Concurrent Majorities and the Electoral College*


All through our system we find majorities at work, but they have to be at work simultaneously. John C. Calhoun referred to them as concurrent majorities, and while he often spoke only of the States and the Federal governments, he perceived a self-evident property of our constitutional arrangements to be found everywhere. The concurrent majority is required between the House of Representatives, based upon the direct election of the people, and a majority in the U.S. Senate, Members of which at that time were indirectly elected through the State legislatures and to this day represents the States and the people of the several States, regardless of their actual numbers. It is a majority of the States which counts in this body, not the majority of the population, per se.

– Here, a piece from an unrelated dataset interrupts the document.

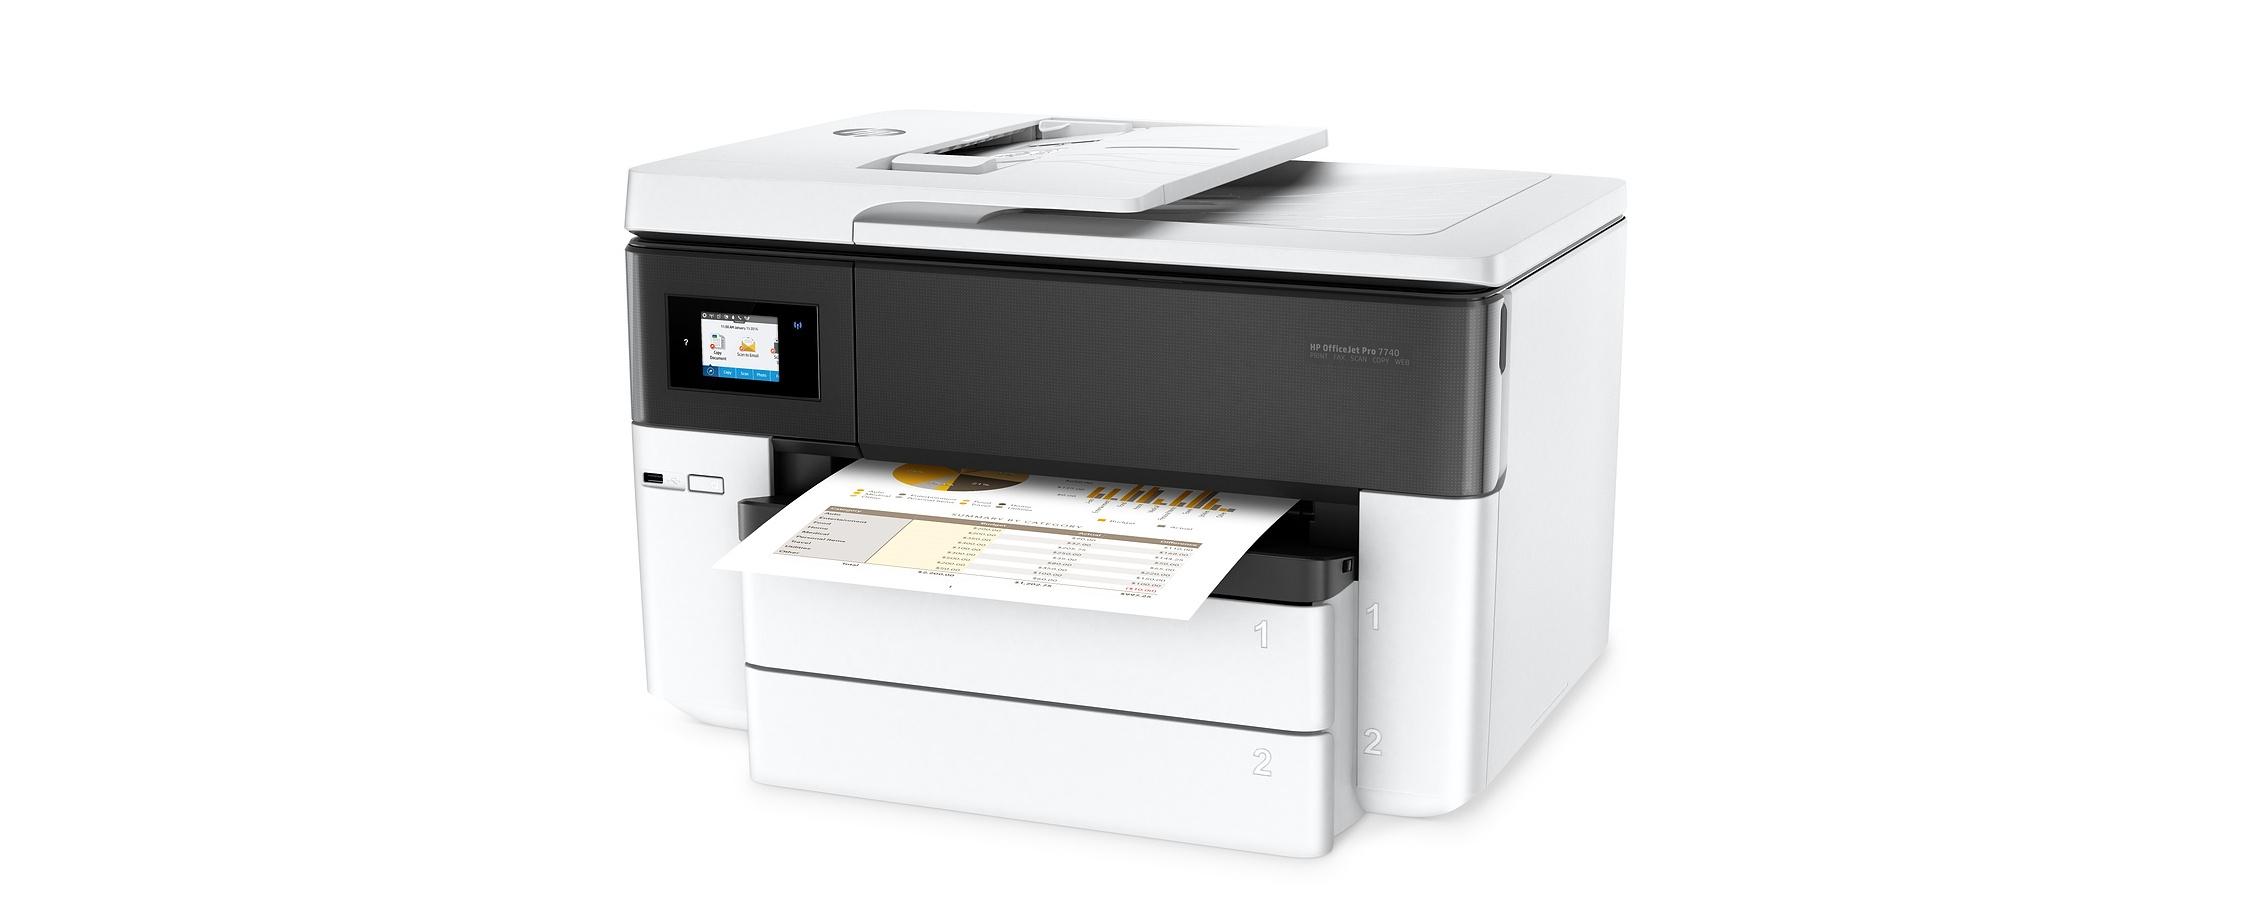 Cartuchos HP Officejet Pro 7740

Concurrent majorities are also required between sufficient majorities in both Houses of Congress and the Presidency to enact a law, and the President himself comes to office by having achieved a majority of the electoral votes cast. The power subsequently evolved, but clearly anticipated by the framers -- and I think this is settled -- that the Supreme Court could review the acts of the Congress and the President in their concurrent majorities, and the majority of the court could judge upon constitutionality.

This is a pervasive and understood principle of the Constitution thought to be -- and who would argue that history has not supported that expectation -- learned from history. And of all these majorities, none was more subtle or more central to their thinking than the majorities required to elect a President.

The electoral college requires the assembly of consent -- again, concurrent majority -- in one part of the country and another part of the country, and yet another part, all defined in terms of several States. It has as its extraordinary ability the formation of consensus as between widely differing regions, political purposes and styles, and political agendas. It has as its purpose and function the narrowing of differences, a narrowing which is repeatedly to be encountered in the narrow range of votes as between the parties in Presidential elections.

[To change to a direct election system, we would see that on election day] as the undifferentiated votes mounted up, the pressures would be on the Mountain States and then the coastal States and the island State, to get out votes, to change outcomes. There would be genuine pressures to fraud and abuse. It would be an election no one understood until the next day or the day after, with recounts that go on forever, and in any event, with no conclusion, and a runoff to come. The drama, the dignity, and decisiveness and finality of the American political system is drained away in an endless sequence of contests, disputed outcomes, and more contests to resolve outcomes already disrupted. (emphasis added)

That is how legitimacy is lost. That is how a nation trivializes those solemn events that make for the singlemost important ingredient of a civil society, which is trust.